Allie looked down at the bloody wound and shrugged. She couldn’t feel any pain whatsoever, just a warm tingle of attraction for her mega-hot savior.
“I wish I had some Purell to clean it out.” Mel sighed, patting his pockets. “I left mine at home.”
“I have some,” said Allie, her heart melting further over their mutual germaphobia. “I never leave home without it.”
She dug her Purell bottle out of the tiny pocket in the hip of the running suit, and Mel smiled. Not just with his mouth, but with his eyes.
“Great minds think alike,” he said, squirting some on
his hands and then into Allie’s cut. “This might sting a little.”
“I’m tough,” she whispered. And for once, she actually believed it. Mel’s square jaw clenched adorably as he concentrated on cleaning her cut knee.

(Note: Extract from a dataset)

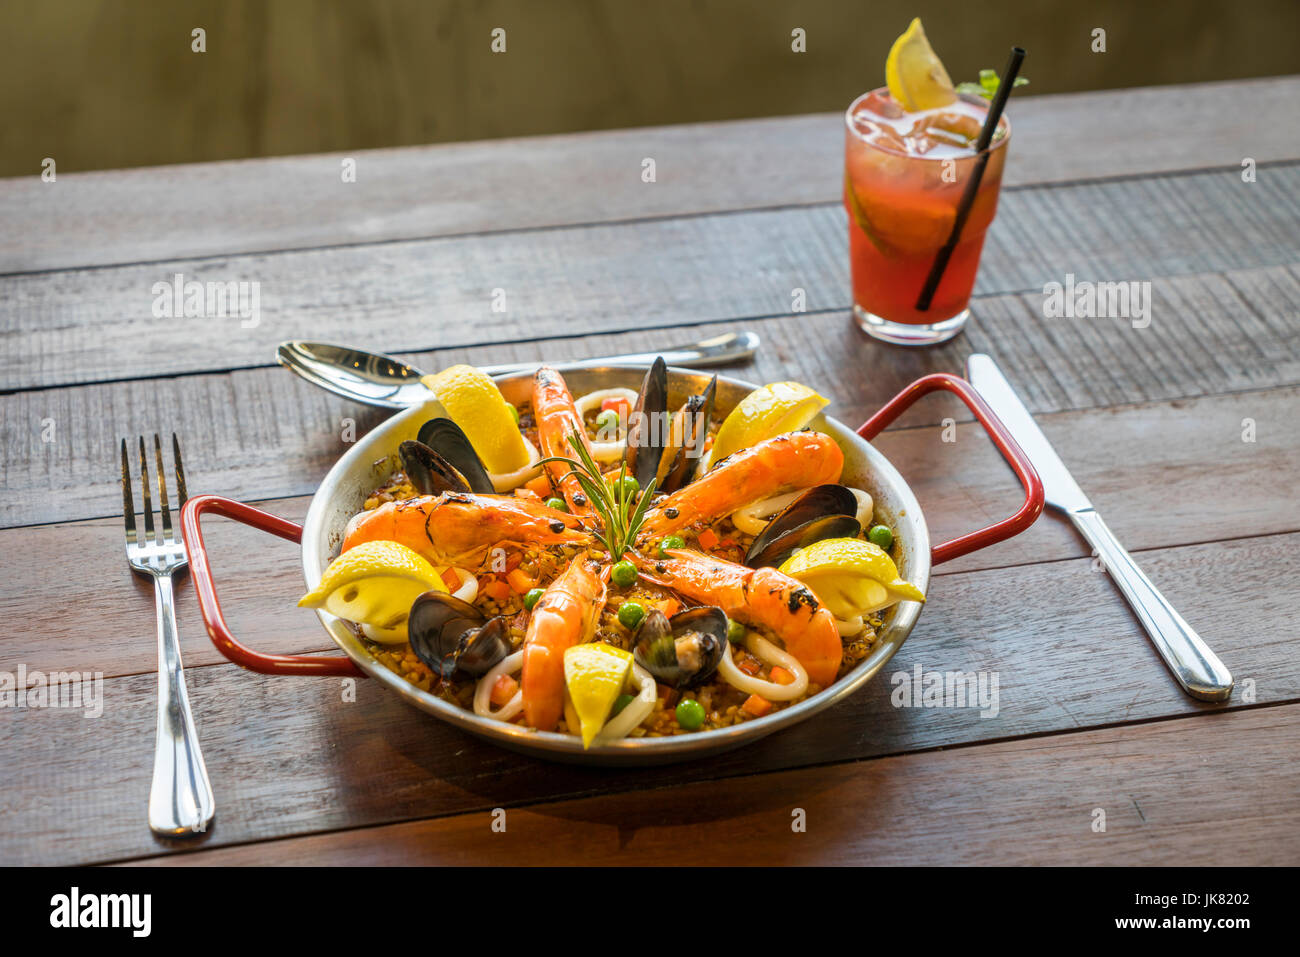 Paella with seafood vegetables and saffron served in the traditional pan. Stock Photo

Suddenly remembering her own chin, Allie reached up and patted it with her hand. She brought her fingers in front of her eyes and saw that there was blood there. “Uh-oh,” she whispered, her stomach clenching at the thought of facial disfigurement. Why hadn’t Mel mentioned the cut on her face? It must be so awful that he didn’t want to bring it up.
“You have a tiny scrape on your chin,” Mel said as if reading her mind. “It’s nothing. Probably be gone by morning. You can still model, don’t worry.” He smiled at Allie, exposing a row of teeth so white that in the moonlight they almost looked blue.
“Thanks,” breathed Allie. “I mean, I don’t want to model anymore. But I do hope to act.”
“I’m not modeling anymore either,” Mel said. “Too boring.” Though his abs were swathed in the thick cotton of his workout hoodie, Allie could tell by his posture Mel still sported a six-pack. Maybe even an eight-pack. “My ultimate goal is to open a mall that’s better and bigger than the Mall of America.” Mel flipped his blond hair out of his eyes and grinned at Allie.
“I’ve been wishing for a more futuristic mall for years!” Allie squealed, leaning in closer to Mel and getting another whiff of his musky, yummy cologne. “Bigger than the Glendale Galleria, and with more attractions. The time has come.”
“Roller coasters, moving sidewalks, a laser light show and planetarium that’s woven seamlessly into the shopping experience… ,” Mel listed, nodding at Allie.